Linear algebra of next-generation matrices

BLUF

For many next-generation matrices \(\mathbf{R}\), the population-wide reproduction number will approach the spectral radius of \(\mathbf{R}\) (i.e., the absolute value of the eigenvector with the largest absolute value) and the distribution of infections will approach the corresponding eigenvector.

Motivation: Reproduction numbers in a single population

The basic reproduction number \(R_0\) is the average number of infections caused by each infected person in an otherwise fully susceptible population. The effective reproduction number \(R_\mathrm{eff} \leq R_0\) is the average number of infections caused by each infected person, which is time-varying and depends on the number of remaining susceptibles.

Make two assumptions:

The number of infected people is much greater than 1, so that the actual number of secondary infections per infection approaches the theoretical mean \(R_\mathrm{eff}\).
Disease-free equilibrium: The number of infected people is small compared to the population so that \(R_\mathrm{eff}\) approaches \(R_0\).
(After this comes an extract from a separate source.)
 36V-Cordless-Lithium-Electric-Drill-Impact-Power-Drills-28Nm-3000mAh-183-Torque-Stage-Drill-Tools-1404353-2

Let \(I(0)\) be the number of people infected at some point in time. Under these two assumptions, the number of people in the next generation of infections will then be \(I(1) = R_0 \times I(0)\). The number of infections grows exponentially with the number of generations \(g\):

\[ I(g) = I(0) \times R_0^g \]

Next-generation matrices: reproduction numbers in multiple subpopulations

In a structured population, with multiple subpopulations, the effective reproduction number is replaced by the next-generation matrix \(\mathbf{R}\) with entries \(R_{ij}\), which are the number of infections in subpopulation \(i\) caused by an infected person in subpopulation \(j\). Note that the sum of entries in column \(j\), i.e. \(\sum_k R_{kj}\), is the number of infections caused by an infected person in subpopulation \(j\).

Make two assumptions similar to the above:

\(I_k(0) \gg 1\), where \(I_k\) is the number infected in subpopulation \(k\), for each subpopulation \(k\).
The total number of infected \(\sum_k I_k(0)\) is small compared to the size of every subpopulation.
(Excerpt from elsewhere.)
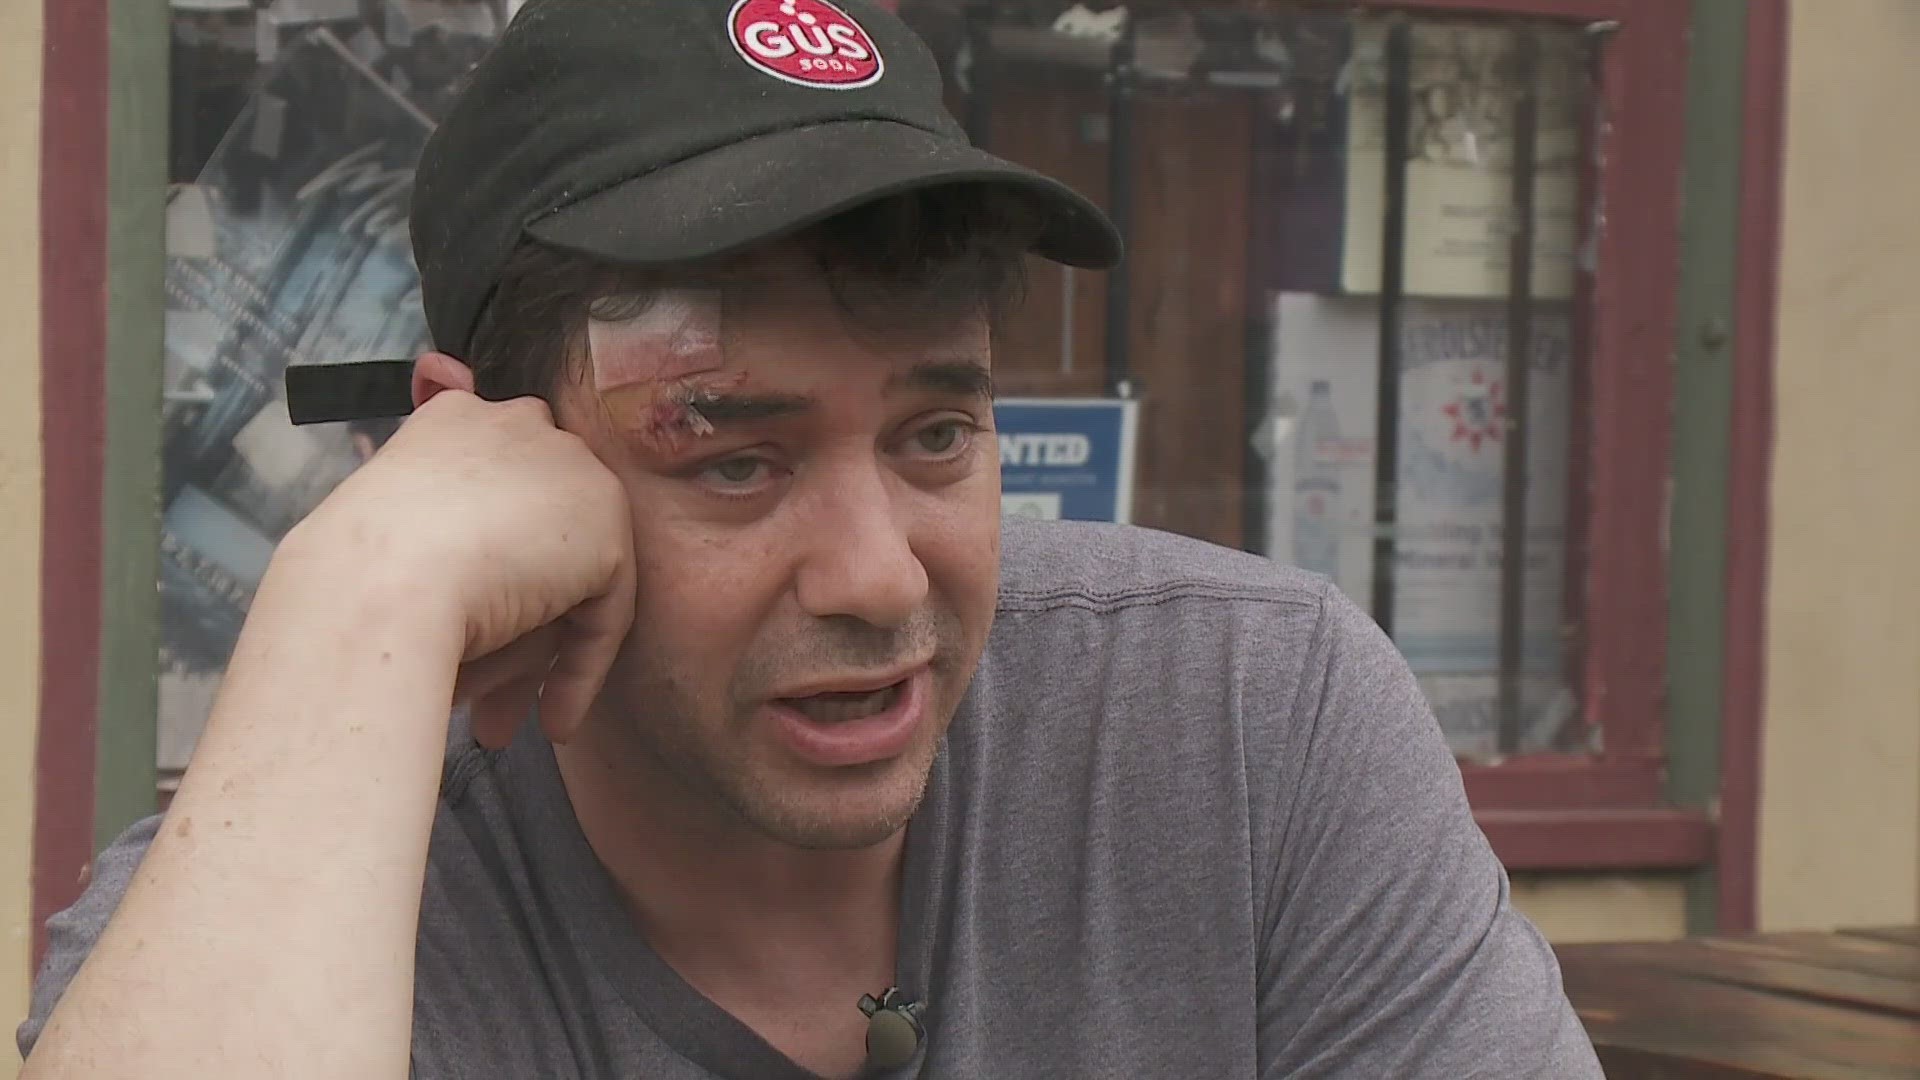 Popular deli owner beaten, carjacked in front of his store Thursday

Let \(\mathbf{R}_0\) be the next-generation matrix under the two assumptions above. Then the number of infections in each subpopulation in generation \(g\) follows \(\vec{I}(g) = \mathbf{R}_0^g \vec{I}(0)\), that is, the matrix \(\mathbf{R}_0\) is applied \(g\) times to the initial vector of infections \(\vec{I}(0)\). Note that this is mathematically equivalent to a deterministic multi-type branching process model: each infection in each type \(j\) gives rise to exactly \(R_{ij}\) infections in subpopulation \(i\) in the next generation.

Eigen analysis for growth rates under a stable distribution of infections

A vector \(\vec{v}\) is an eigenvector of matrix \(\mathbf{M}\) with eigenvalue \(\lambda\) if \(\mathbf{M} \vec{v} = \lambda \vec{v}\). In other words, the application of a matrix to one of its eigenvectors is to simply multiply that eigenvector by its corresponding eigenvalue.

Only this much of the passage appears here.